Start by loading the Titanic data into a numpy array. The code to do this is included below to get you started.

In [19]:
# We'll use the csv module from the Python standard library to read each row of our input data file
#   into a list that we then convert into a numpy array.

import csv as csv
import numpy as np

titanic = None
columns = []
with open('titanic.csv') as data:
    reader = list(csv.reader(data, delimiter=','))
    columns = reader[0]
    without_header = reader[1:]

    titanic = np.array(without_header) #Turn our Python list into a numpy array

    # Let's see what our data looks like. Notice what type the data appears to be inside the numpy array.
    print (type(titanic))
    print (titanic.shape)

    print (titanic[:10,:])
    print ('\n' + '...')
    print (titanic[-1,:])

<class 'numpy.ndarray'>
(891, 12)
[['1' '0' '3' 'Braund, Mr. Owen Harris' 'male' '22' '1' '0' 'A/5 21171'
  '7.25' '' 'S']
 ['2' '1' '1' 'Cumings, Mrs. John Bradley (Florence Briggs Thayer)'
  'female' '38' '1' '0' 'PC 17599' '71.2833' 'C85' 'C']
 ['3' '1' '3' 'Heikkinen, Miss. Laina' 'female' '26' '0' '0'
  'STON/O2. 3101282' '7.925' '' 'S']
 ['4' '1' '1' 'Futrelle, Mrs. Jacques Heath (Lily May Peel)' 'female' '35'
  '1' '0' '113803' '53.1' 'C123' 'S']
 ['5' '0' '3' 'Allen, Mr. William Henry' 'male' '35' '0' '0' '373450'
  '8.05' '' 'S']
 ['6' '0' '3' 'Moran, Mr. James' 'male' '' '0' '0' '330877' '8.4583' '' 'Q']
 ['7' '0' '1' 'McCarthy, Mr. Timothy J' 'male' '54' '0' '0' '17463'
  '51.8625' 'E46' 'S']
 ['8' '0' '3' 'Palsson, Master. Gosta Leonard' 'male' '2' '3' '1' '349909'
  '21.075' '' 'S']
 ['9' '1' '3' 'Johnson, Mrs. Oscar W (Elisabeth Vilhelmina Berg)' 'female'
  '27' '0' '2' '347742' '11.1333' '' 'S']
 ['10' '1' '2' 'Nasser, Mrs. Nicholas (Adele Achem)' 'female' '14' '1' '0'
 

## Homework Questions

**1) How many passengers are in our passenger list? For this assignment, we’ll assume our dataset represents the full passenger list for the Titanic.**

In [38]:
# Your code here for num_passengers. Uncomment the line below to format your answer.
rows, columns = titanic.shape
num_passengers = rows
print('There are {num_passengers} passengers in our titanic dataset'.format(num_passengers=num_passengers))
#print 'There are ' + str(num_passengers) + ' passengers in our list.'

There are 891 passengers in our titanic dataset


**2) What is the overall survival rate (as a percentage of total passengers in our list)?**

In [47]:
#HINT: You may want to import another module here
import pandas as pd
titanic = pd.DataFrame(data=titanic)
titanic.columns = ['id', 'survived', 'class', 'name', 'sex', 'age', 'sibSp', 'parch', 'ticket', 'fare', 'cabin', 'embarked']
num_survived = pd.value_counts(titanic['survived'] == '1')[1]
survival_rate = num_survived / num_passengers

print('Of {num_passengers} passengers, {num_survived} survived.'.format(num_passengers=num_passengers, num_survived=num_survived)) 
print('The survival rate was {survival_rate:.2f} or {percent_survival_rate:.2%}'.format(survival_rate=survival_rate, percent_survival_rate=survival_rate))

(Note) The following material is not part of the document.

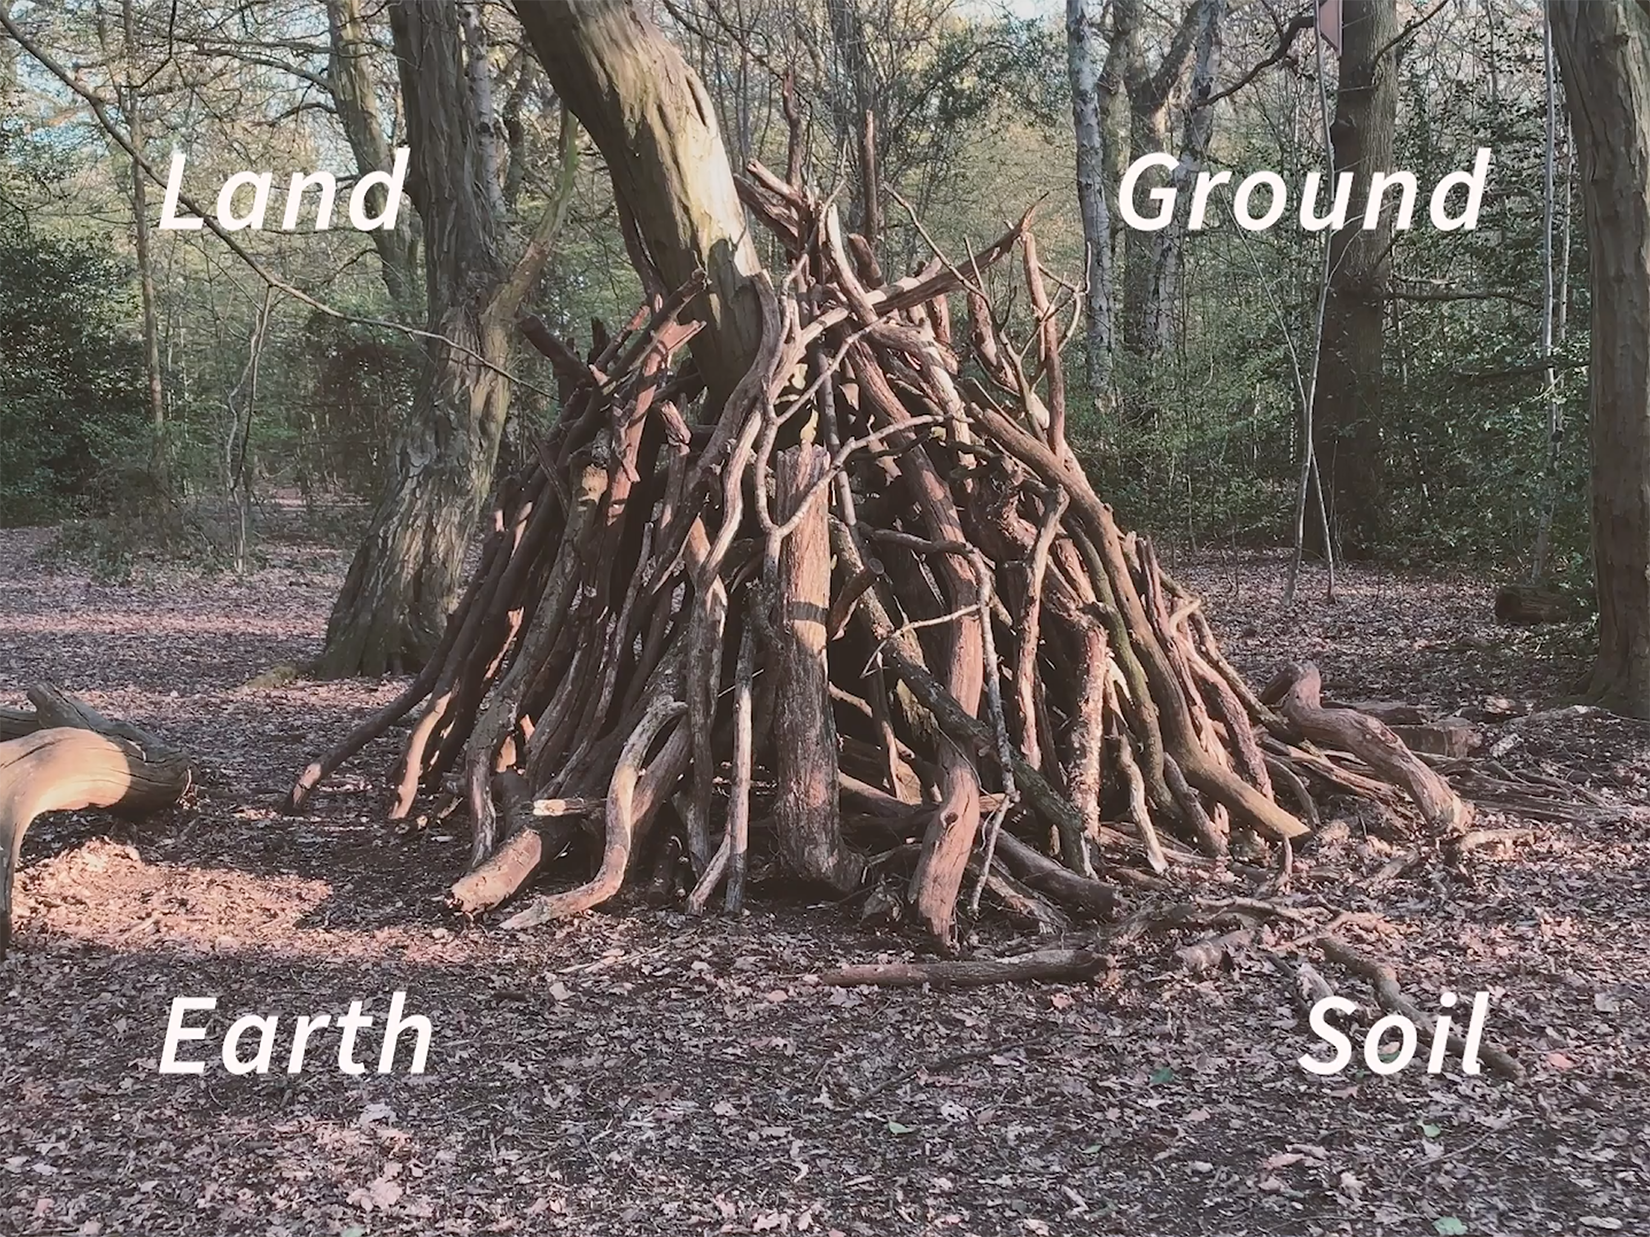 Image of tree with text of Land Ground Earth Soil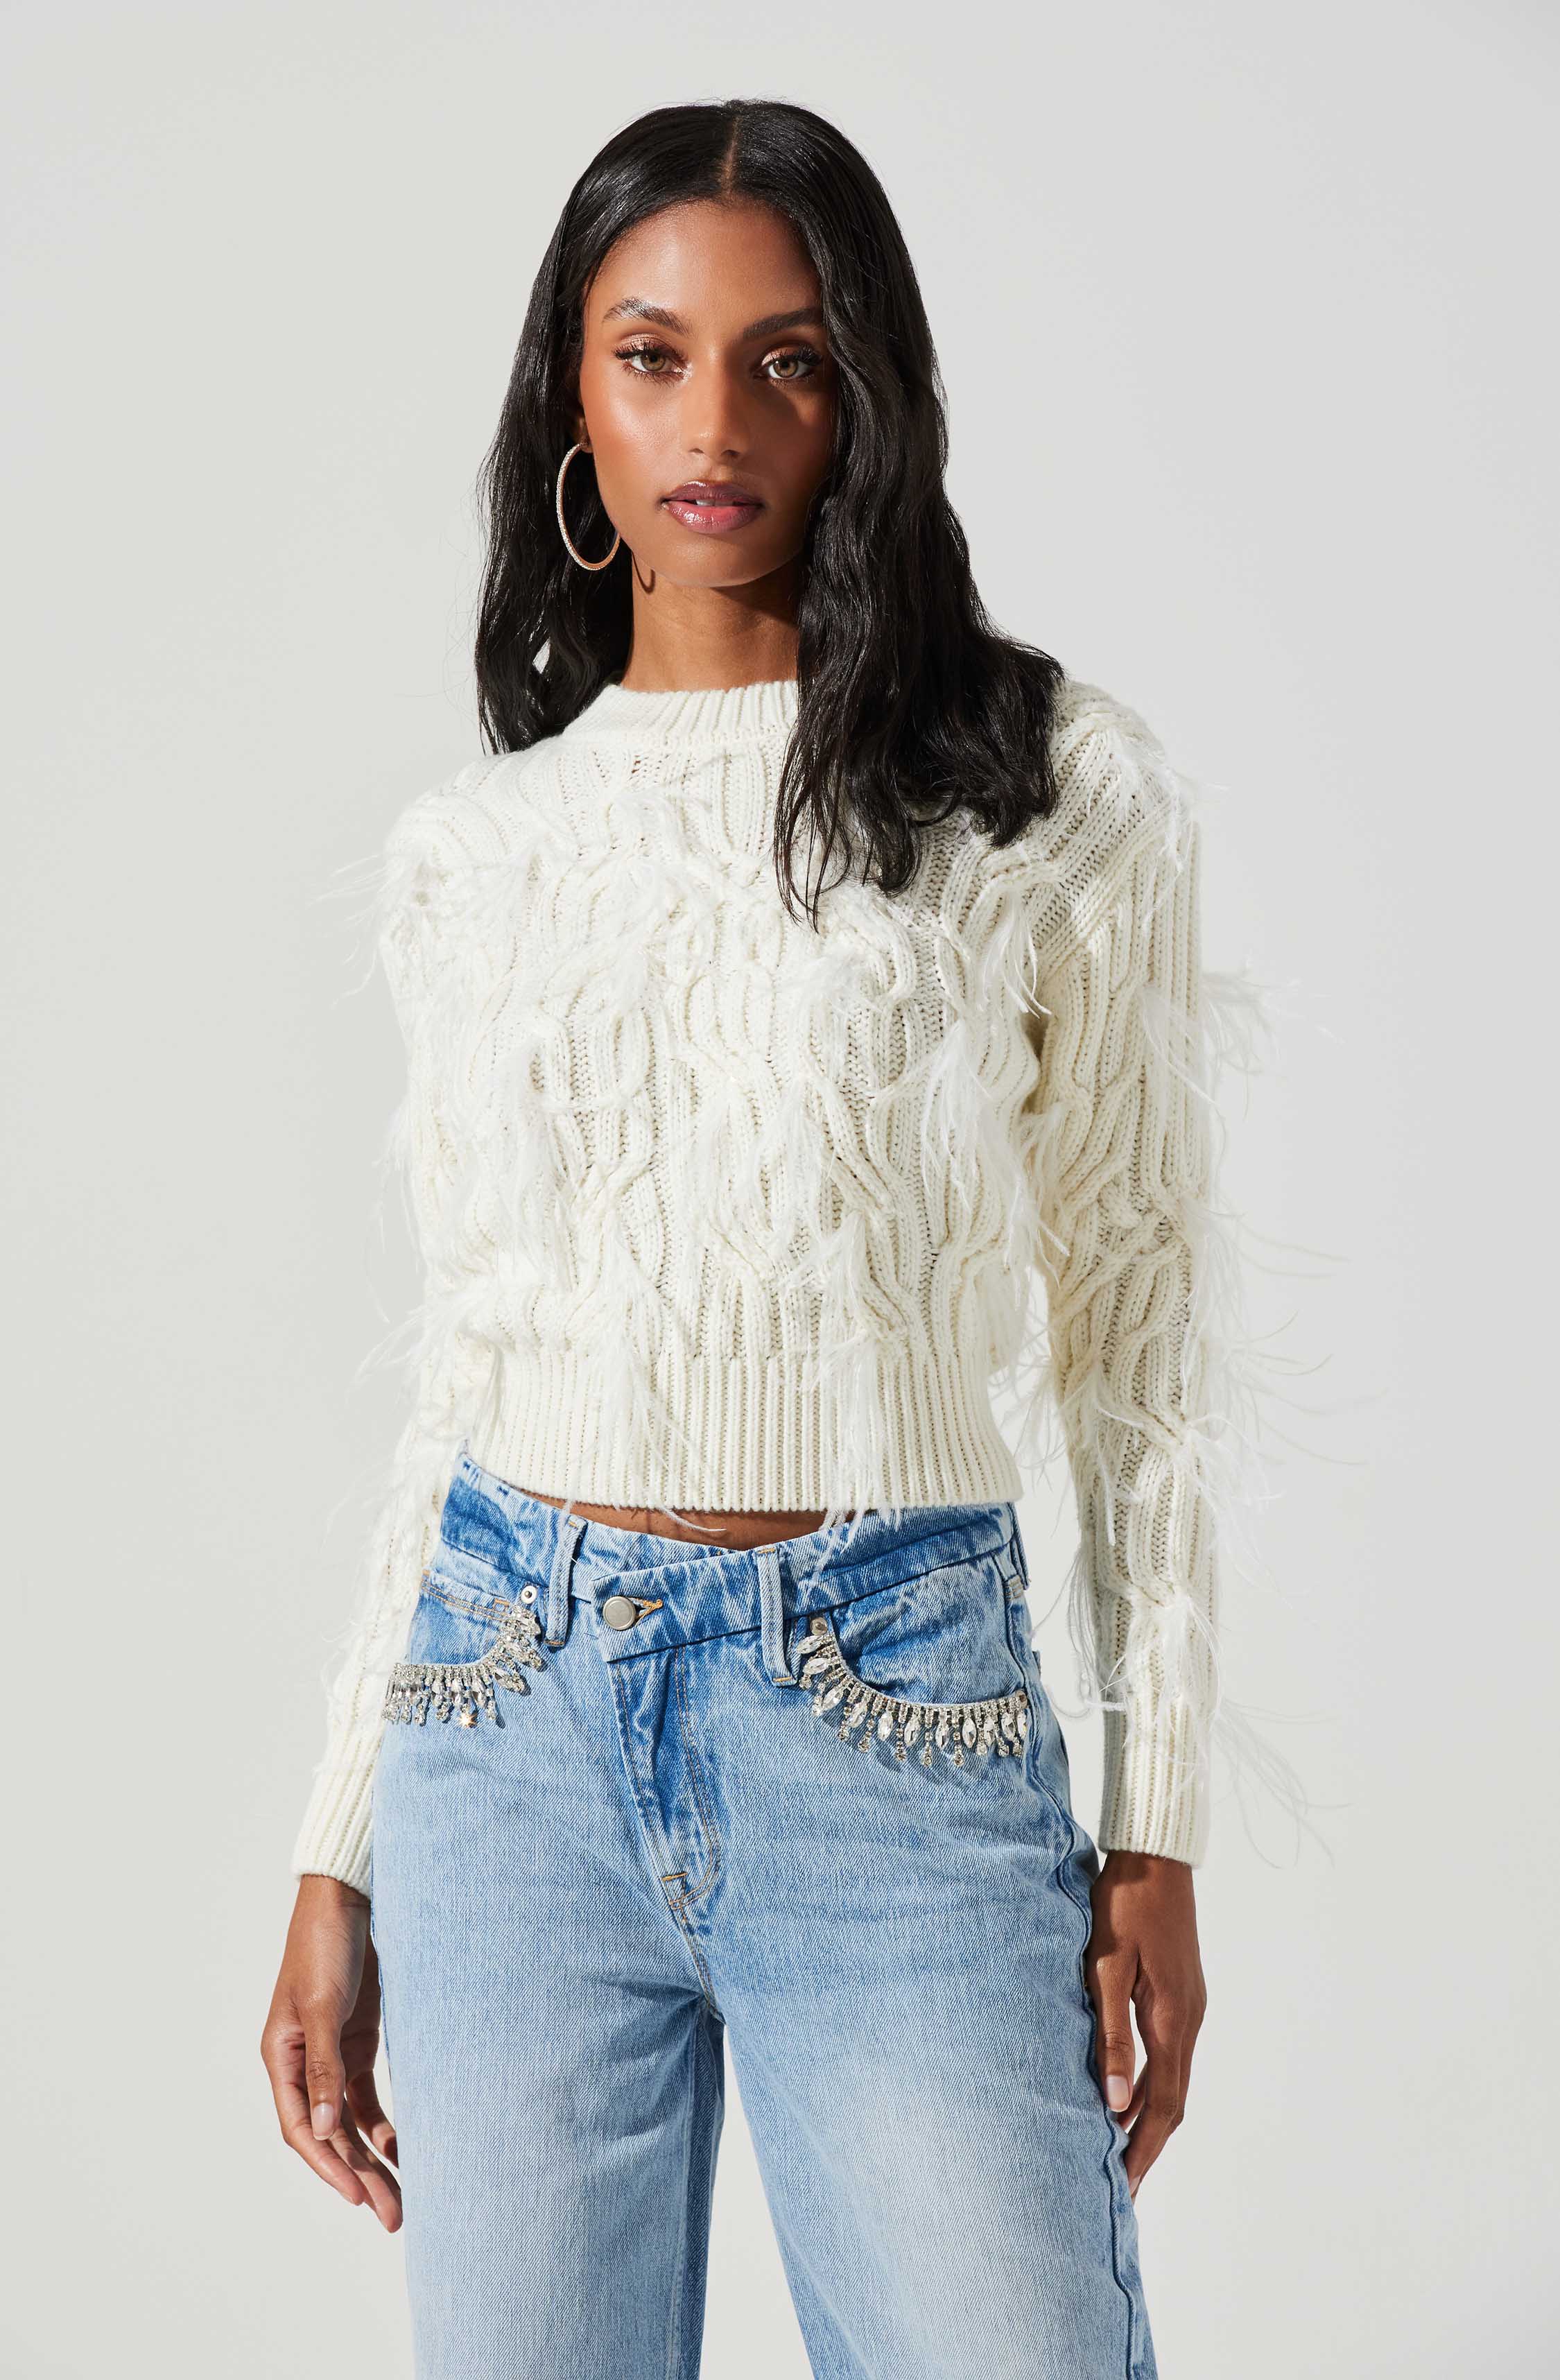 Bershka cut out corset detail knitted top in cream

Of 891 passengers, 342 survived.
The survival rate was 0.38 or 38.38%


**3) How many male passengers were onboard?**

In [58]:
num_males = len(titanic[titanic['sex'] == 'male'])

print('There were {num_males} male passengers onboard the Titanic'.format(num_males=num_males))



There were 577 male passengers onboard the Titanic


**4) How many female passengers were onboard?**

In [57]:
num_females = len(titanic[titanic['sex'] == 'female'])

print('There were {num_females} female passengers onboard the Titanic'.format(num_females=num_females))

There were 314 female passengers onboard the Titanic


**5) What is the overall survival rate of male passengers?**

In [66]:
male_survival_rate = len(titanic[(titanic['sex'] == 'male') & (titanic['survived'] == '1')])/num_males

print('The survival rate of males passengers was {male_survival_rate:.2%}'.format(male_survival_rate=male_survival_rate))

The survival rate of males passengers was 18.89%


**6) What is the overall survival rate of female passengers?**

In [67]:
female_survival_rate = len(titanic[(titanic['sex'] == 'female') & (titanic['survived'] == '1')])/num_females

print('The survival rate of female passengers was {female_survival_rate:.2%}'.format(female_survival_rate=female_survival_rate))

The survival rate of female passengers was 74.20%


**7) What is the average age of all passengers onboard?**

In [121]:
titanic.fillna(value='unknown', inplace=True)
ages = list(titanic.age)
cleaned_ages = [float(x) for x in ages if x]
average_age = sum(cleaned_ages)/num_passengers

print('The average age of all passengers onboard was {average_age:.2f}'.format(average_age=average_age))

The average age of all passengers onboard was 23.80


**8) What is the average age of passengers who survived?**

In [None]:
# Your code here to calculate avg_age_survived


#print 'The average of age of passengers who survived was ' + str("{0:.2f}".format(avg_age_survived))

**9) What is the average age of passengers who did not survive?**

In [None]:
# Your code here to calculate avg_age_not_survive


#print 'The average of age of passengers who did not survive was ' + str("{0:.2f}".format(avg_age_not_survive))

**10) At this (early) point in our analysis, what might you infer about any patterns you are seeing in who survived / did not survive?**

_Your answer here as markdown_

**11) How many passengers are in each of the three classes of service (e.g. First, Second, Third?)**

In [None]:
# Your code here
# You do not need to format the output nicely like we did for the questions above.



**12) What is the survival rate for passengers in each of the three classes of service?**

In [None]:
# Your code here
# HINT: Averaging of the 1's and 0's in the "Survived" column will give a survival rate.
# We want the survival rate for each passenger class.
# You do not need to format the output nicely.



**13) How does what we learned in 11) and 12) influence our early conclusions from 10) ?**

_Your answer here as markdown_

**14) If we were to build a predictive model, which features in the data do you think we should include in the model and which can we leave out? Why?**

_Your answer here as markdown_